Wednesday, August 14, 2013

More Than a Place to Sleep

Wednesday, August 14, 2013

I do not understand why, in choosing travel accommodation, some people would say dismissively, “oh, we’re just sleeping there anyway.”  Hotels, inns, bed-and-breakfasts, hostels, homestays – are they nothing more than places to sleep?  I think not.  They are an essential part of the whole travel experience.  In fact, some of my memorable experiences on the road involve--and revolve around--the places I stayed at.

Here are my favorites:

Teresek View Motel, Kuala Tahan, Pahang, Malaysia

This inn is included in the tour package for Taman Negara National Park that we got so I had no idea how it would be like.  It turned out really crummy:  the smell of durian that pervaded the place and engulfed the senses; a bathroom you wouldn’t want to set your foot in without slippers on; the smell of moldy linens camouflaged by perfume; a ‘private’ balcony that turned out to be not so private after all.  But our stay at Teresek View became the highlight of our trip. The sheer shabbiness of the place changed the way I look at life on the road and life in general.  It taught me that when I’m in a foreign place I can’t afford to be fussy and fastidious, and yielding to the place and to the moment is the best way to have fun. From then on, travel became less of a ‘vacation’ but more of experiencing both the niceties and nastiness of every day.     

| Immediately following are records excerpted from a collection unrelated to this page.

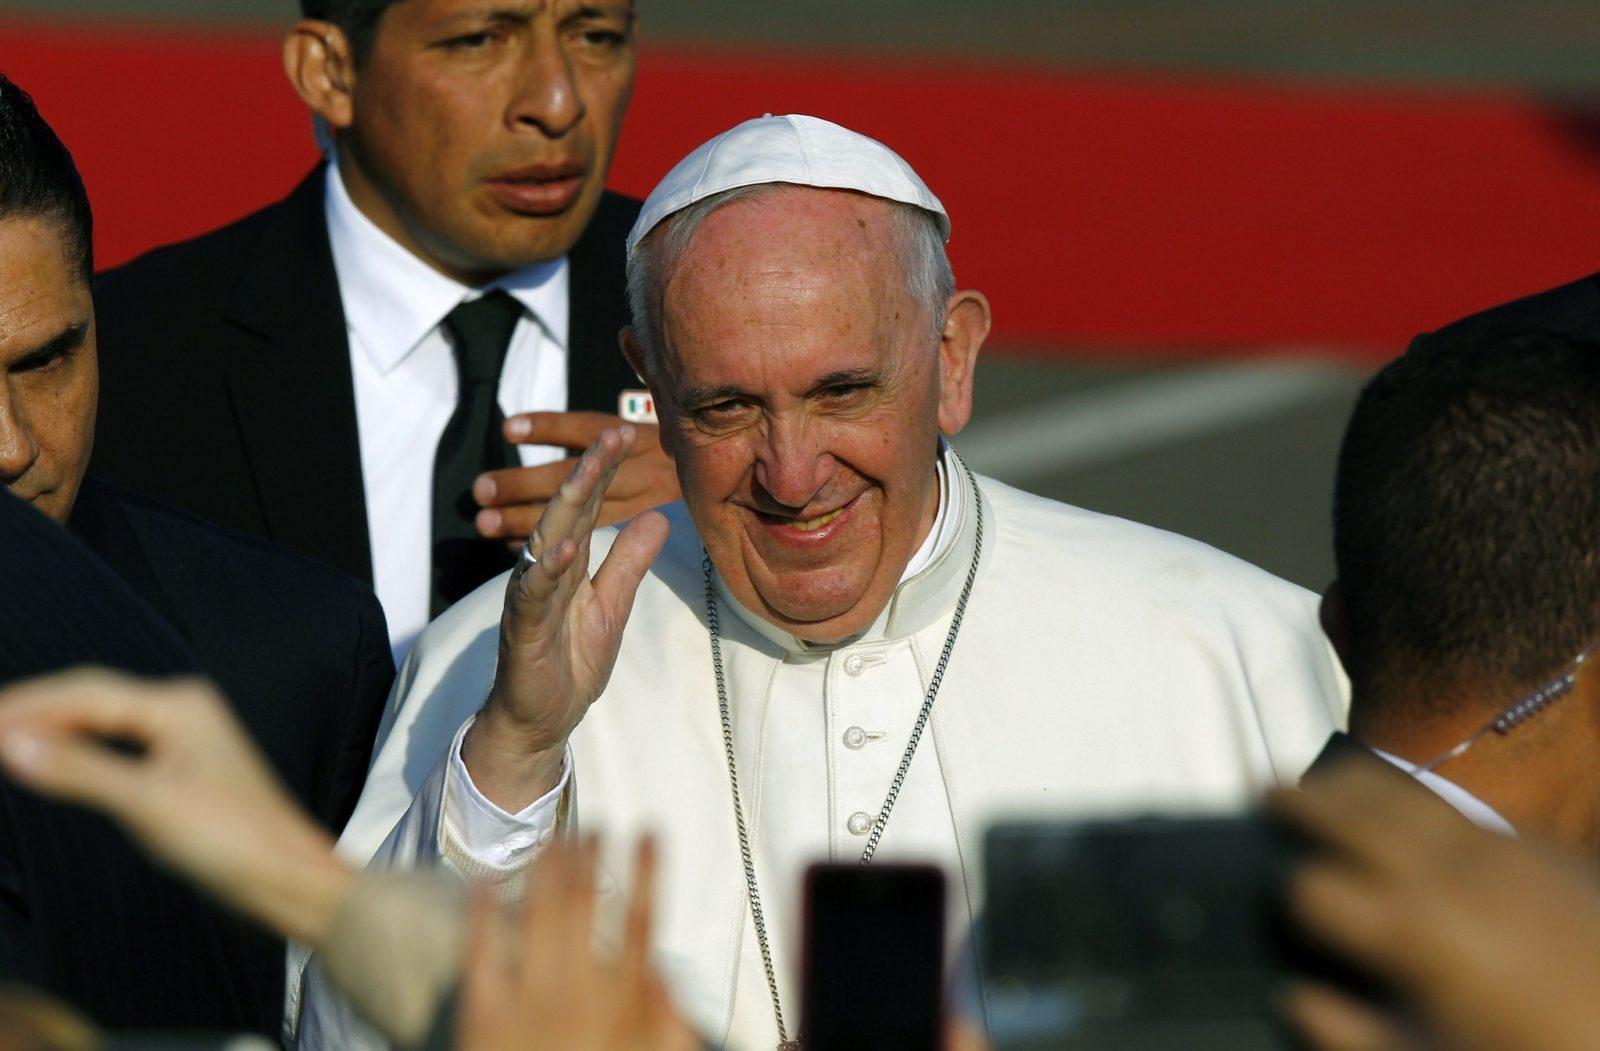 Il Papa ai giovani: Siete la ricchezza del Messico, se cadete rialzatevi!
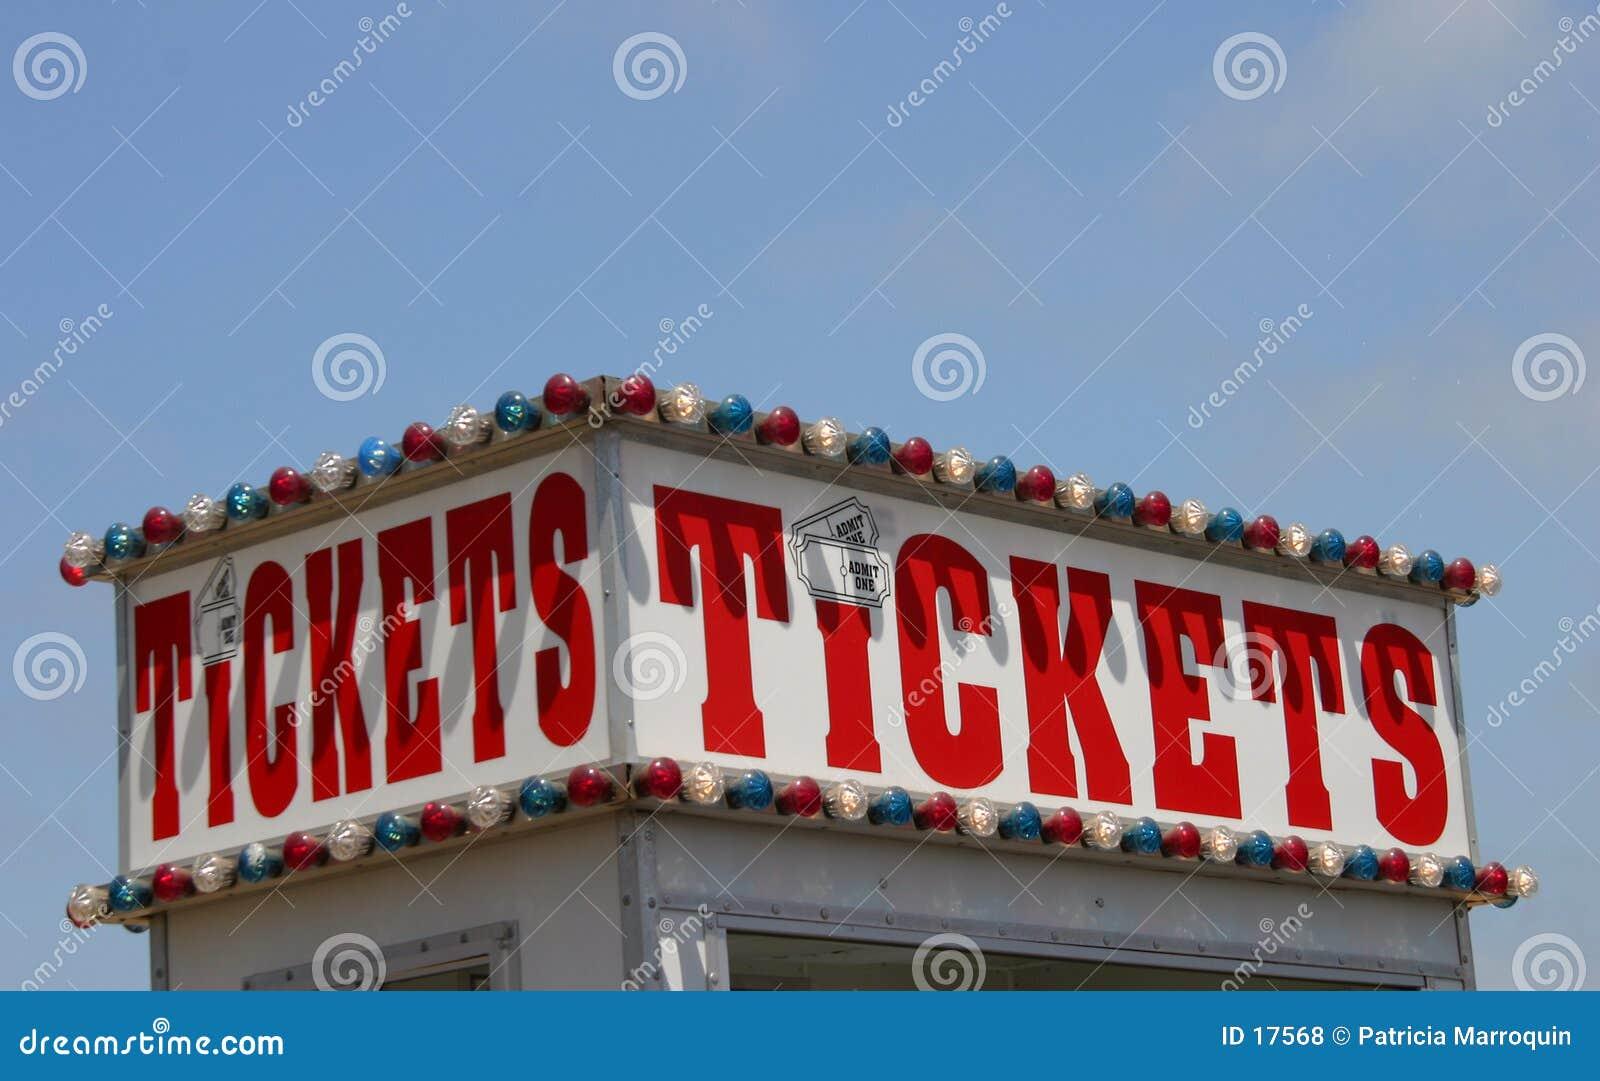 получите здесь снабжает ваше билетами
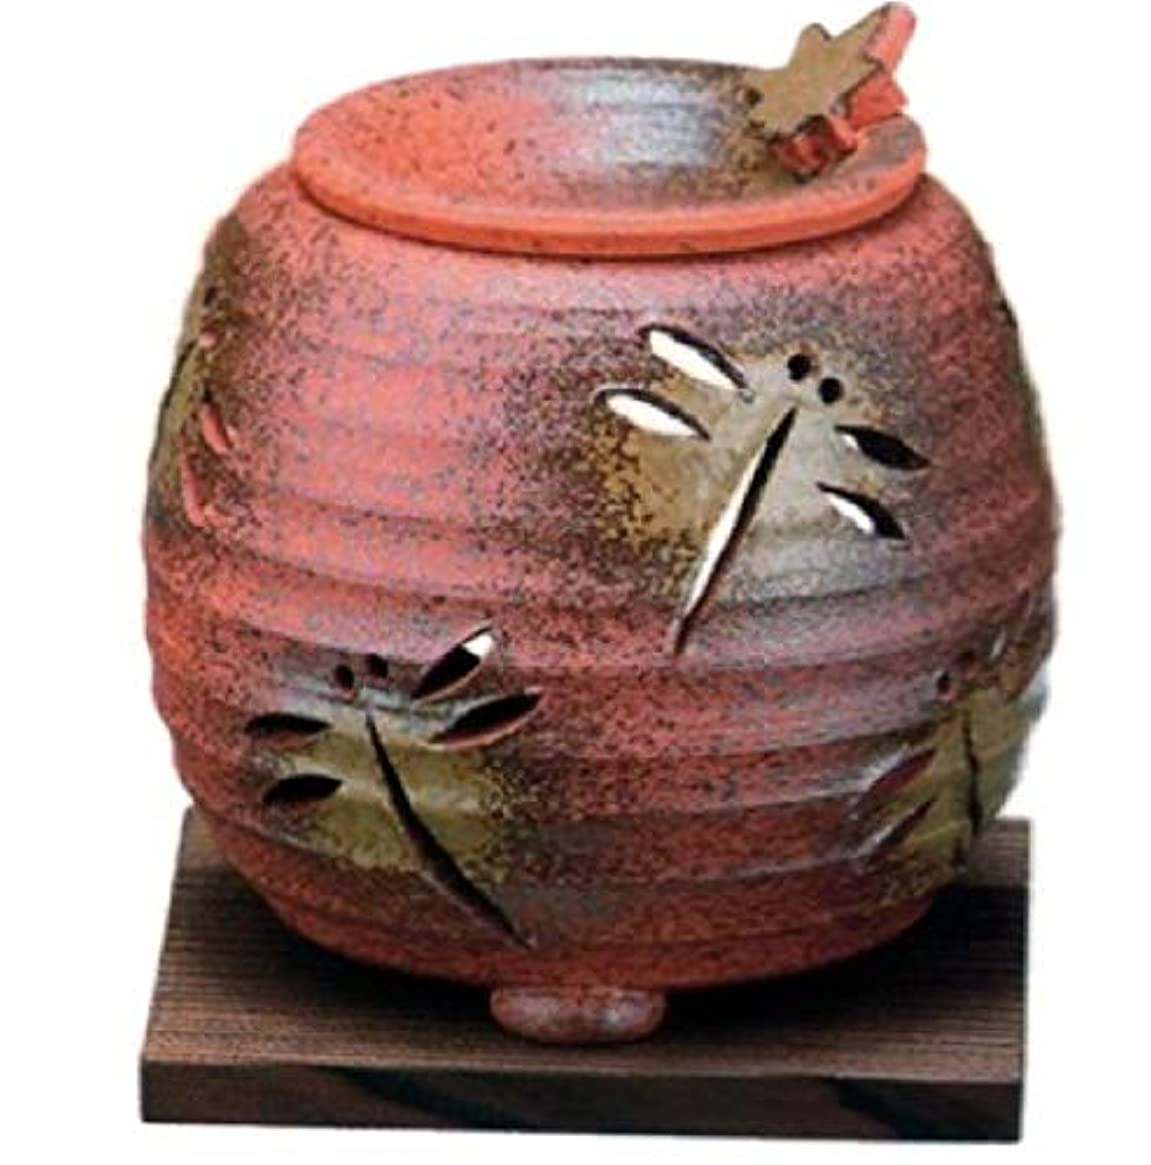 テンポ視線習字常滑焼 3-830 石龍焼〆千段トンボ茶香炉 石龍φ11×H11㎝
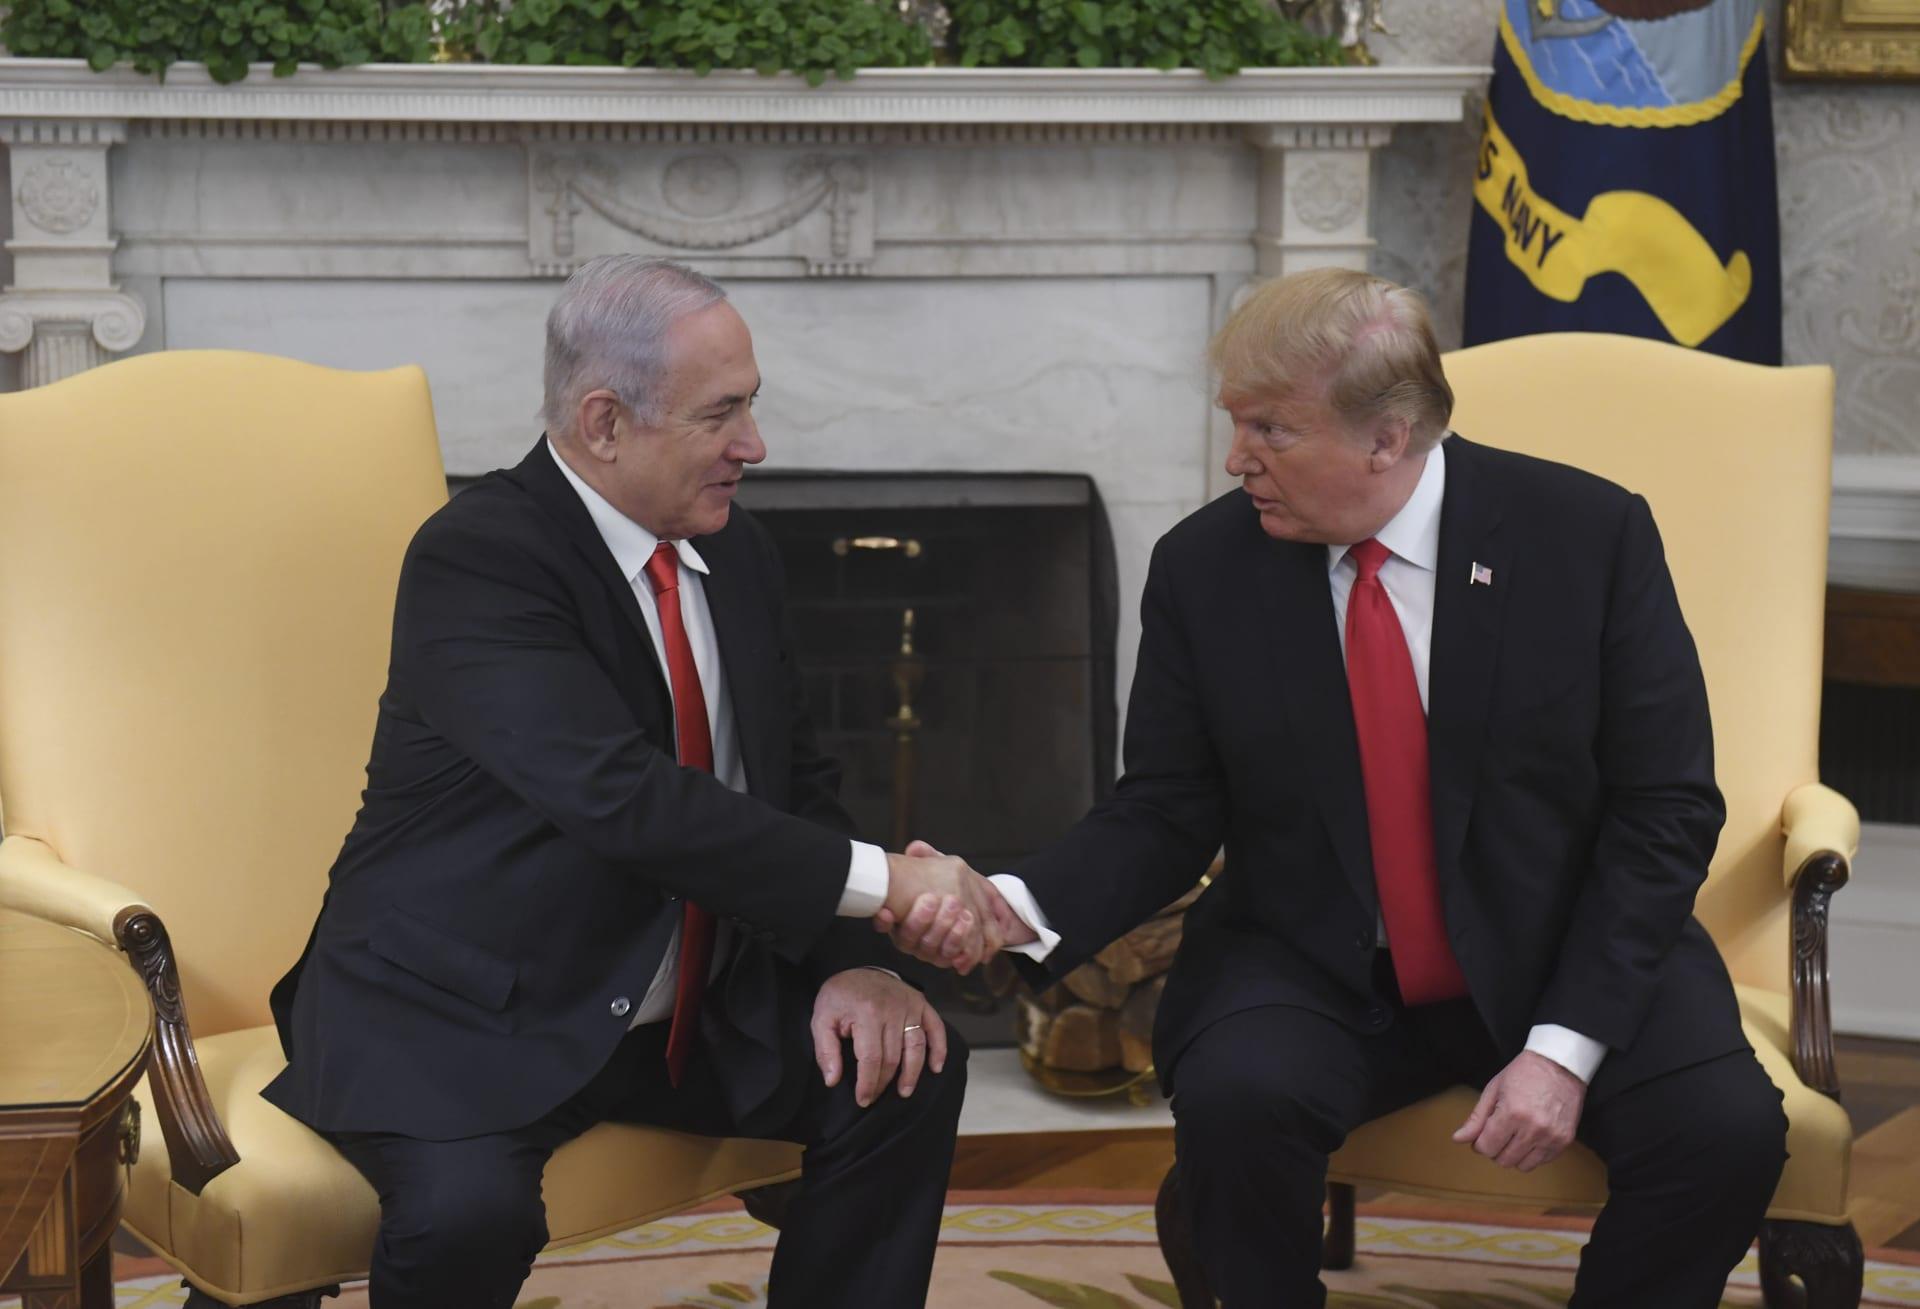 الإمارت والبحرين تأسفان لاعتراف ترامب بسيادة إسرائيل على الجولان

Umaid Bhawan Hotel, Jaipur, India

Umaid Bhawan is a favorite for how it looks. I felt like a maharani staying in such a swanky place.

Royal Suite, Umaid Bhawan Hotel, Jaipur, India

Hotel Centre Pointe Silom, Bangkok, Thailand

It was my first time to go to Bangkok when we stayed at Centre Pointe.  I thought at that time that the high-rise hotel with its sanitized feel and modern facilities looked incongruous with the chaos that surrounded it. Stepping out of its doors, we were greeted by the ceaseless tumult of everyday life: colorful tuktuks all around, people walking to the Saphan Taksin pier to catch a riverboat taxi, street vendors hawking charcoal-grilled fish, yen ta four, rompers, dragon fruits, lottery tickets—an entire world of goodies that enchant wide-eyed tourists like me. Without this incessant commotion in its surroundings, Centre Pointe would be like any other nice yet dull hotel.

8 Auspicious Him View Hotel, McLeod Ganj, Dharamsala, India

I am not a religious person, but I loved how this inn named and decorated their rooms with the eight auspicious symbols of Buddhism. We stayed at the White Conch room wherein I can see the stunning Dhauladhar range without having to get up from bed.
White Conch Room, 8 Auspicious Him View Hotel, McLeod Ganj, Dharamsala, India

The Green House, Urubamba, Huaran, Peru

The Green House remains my favorite among all the hotels and inns I’ve stayed. Let me quote from a post I’ve written earlier:

 The Green House offered us a restorative sojourn. Located in the heart of Peru’s Sacred Valley, this bed-and-breakfast became our sanctuary from noise and disquiet, a place where the din of hooting horns, screaming brakes and prattling tourists is refreshingly absent and the modest sound of the stream behind our room blended with the place’s tranquil silence.

Its splendid isolation, away from life’s daily disruptions and distractions, rewarded us with the rare chance to be together - to go on quiet walks, discover the depths and delights of the community, picnic on freshly baked bread and fruits in the middle of harvested corn fields and drink in the magnificence of the Andes.